The East African Legislative Assembly (EALA) has urged the Council of Ministers of its parent organisation the East African Community (EAC) to push forward on transboundary harmonisation in respect of the Lake Victoria Basin.
A February report on the “On-Spot Assessment of the Lake Victoria Basin” was compiled by the Assembly's Committee on Agriculture, Tourism and Natural Resources (ATNR). Its findings include a recommendation that the capacity of the Lake Victoria Basin Commission (LVBC) be safeguarded through enhanced funding and improved human resources.
While highlighting progress made so far by the LVBC in raising living standards throughout the region, improving safety on the lake and formulating pollution contingency plans, the report points to “perennial under-staffing which is hampering the LVBC from achieving its set objectives”, with many key positions still unfilled.
Key issues also lamented in the report include unsustainable fishing and land-use such as construction, deforestation and farming on wetlands, as well as invasive plants species, over-release of water and abstraction from catchment rivers.
At a session of the EALA, representatives called for serious investments in the lake basin by the EAC partner states if the region was to develop economically, while decrying heavy donor dependency.

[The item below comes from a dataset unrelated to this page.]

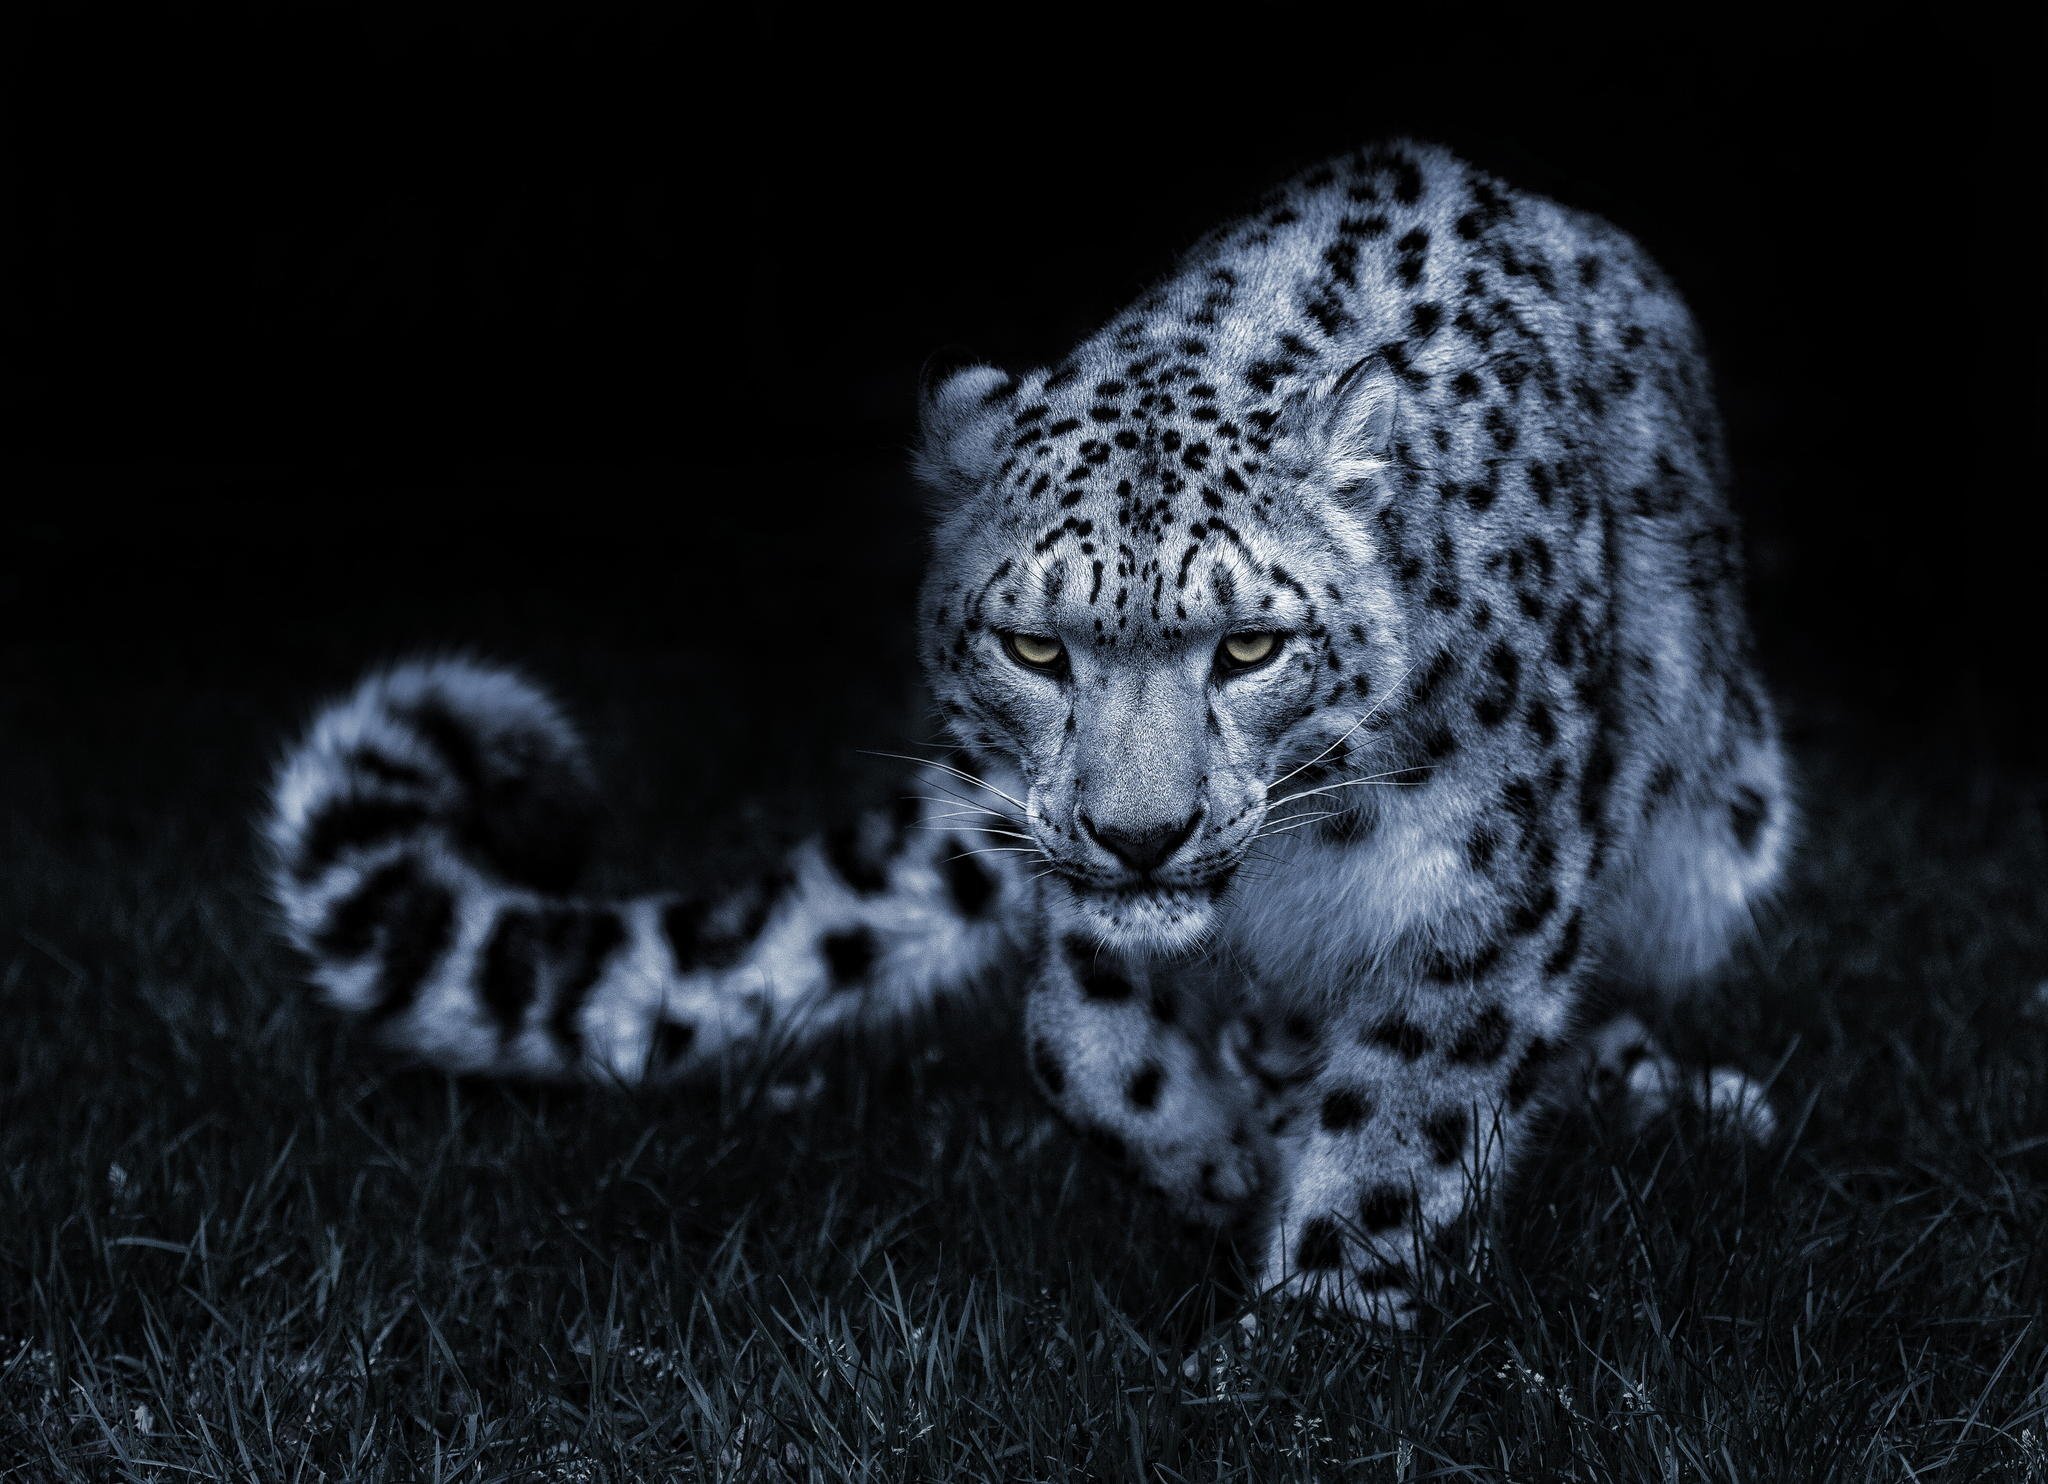 Snow Leopard Black And White Posture Eyes Cat Wallpaper Background

Others urged the EAC Council of Ministers to look for alternative mechanisms to fund the LVBC.
The report notes that individual states in the Lake Victoria Basin have received funding from the United Nations Environmental Programme (UNEP) amounting to $5 Million USD in support of climate change adaptation, while Germany and the EU have provided $48.6 Million USD for high-priority investments under the Integrated Water Resources Management for Lake Victoria Basin programme.
The LVBC is a specialist institution of the EAC established to support economic growth in the region. However, it lacked the legal framework to act effectively as a corporate body until the passage in November by the EAC of a bill enshrining in law its capacity to harmonise partner states policies and laws in respect of the Lake Victoria Basin.